— Librairie La Fontaine

I’ve just finished reading ‘SkagBoys’, Irvine Welsh’s prequel to ‘Trainspotting’, and wonder what the book would read like if the word heroin were to be replaced with books.

 

Anyway, this blog is already rich in posts detailing great libraries or showcasing the best bookshops, and Librairie La Fontaine by by Kawamura-Ganjavian offers some features worthy of comment:Above all, it’s the rings of shelves enclosing padded reading rooms at this bookshop that first arrested my attention.

 

The Librairie La Fontaine is located in the SANAA-designed Rolex Learning Center on the campus of science and technology university EPFL (Ecole Polytechnique Fédérale de Lausanne) in Switzerland.

 

Kawamura-Ganjavian created curling bookcases in response to SANAA’s building, which features undulating floors and ceilings pierced by cylindrical atriums. Each shelving enclave has a different size and configuration, with some encircling banks of seating and others wrapping more concentric shelves. Little book stands and trestle tables are also dotted around the store.

 

The bookshop was completed at the same time as the Rolex Learning Center in 2010.

 

Here’s some more information from Kawamura-Ganjavian:

 

La Fontaine is a historic bookstore inside the EPFL campus in Lausanne.

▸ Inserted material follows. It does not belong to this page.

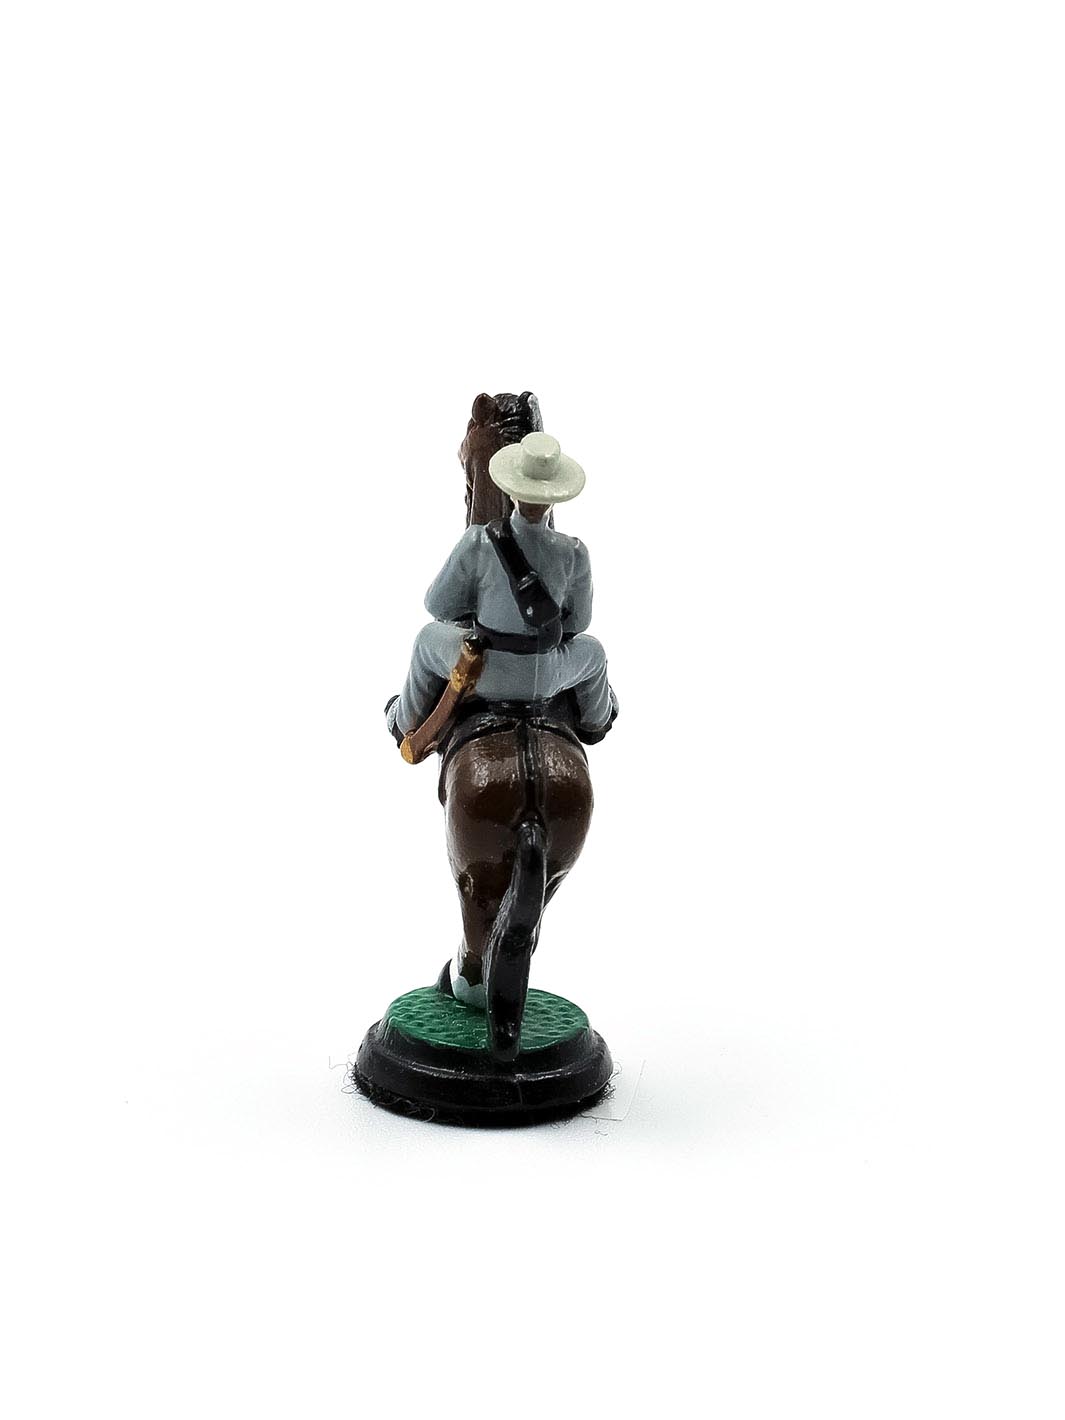 Piece Cavalier portant un uniforme gris sur un cheval brun et blanc vue de derriere
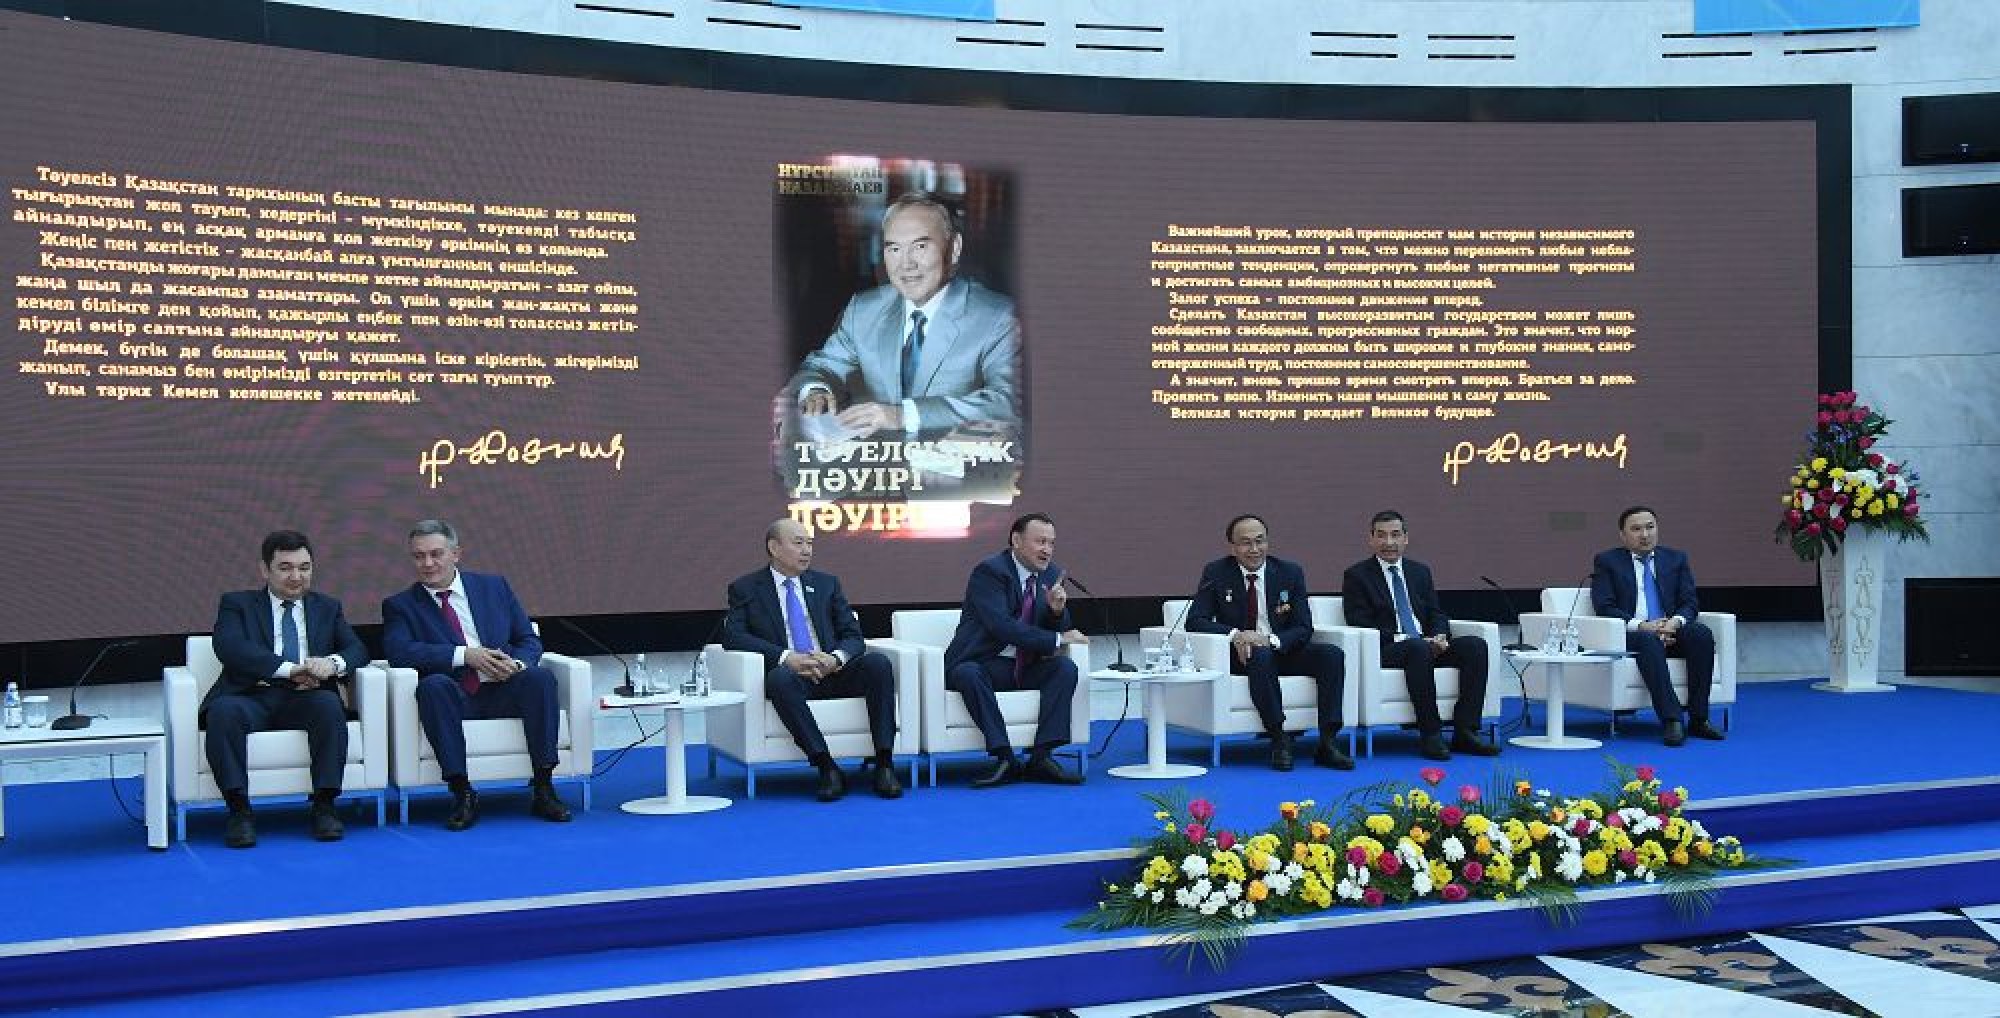 President Nazarbayev’s new book presented in Astana

Its venue moved in 2010 to the new Rolex Learning Centre designed by SANAA architects.

 

Taking into consideration the architectural language of the host building the bookstore is organised around 5 “pods” that articulate thematic categories. All pods are slightly different from each other, housing books or magazines on their outside and inside, and even a cozy reading cocoon.

 

The space moves away from a conventional aisle-and-bookshelf rigidity and creates a fluid environment with a rich variety of spaces where the customers feel at ease to explore and roam idly. The pods are as well the subtle source of indirect illumination. The project is enhanced with pieces of furniture (tables, benches, bookstands, dustbins, desk dividers) designed by the authors.

 

The complex geometry of the pods was made possible thanks to a smart combination of state-of-the-art numeric control manufacturing techniques and advanced Swiss cabinet-making skills.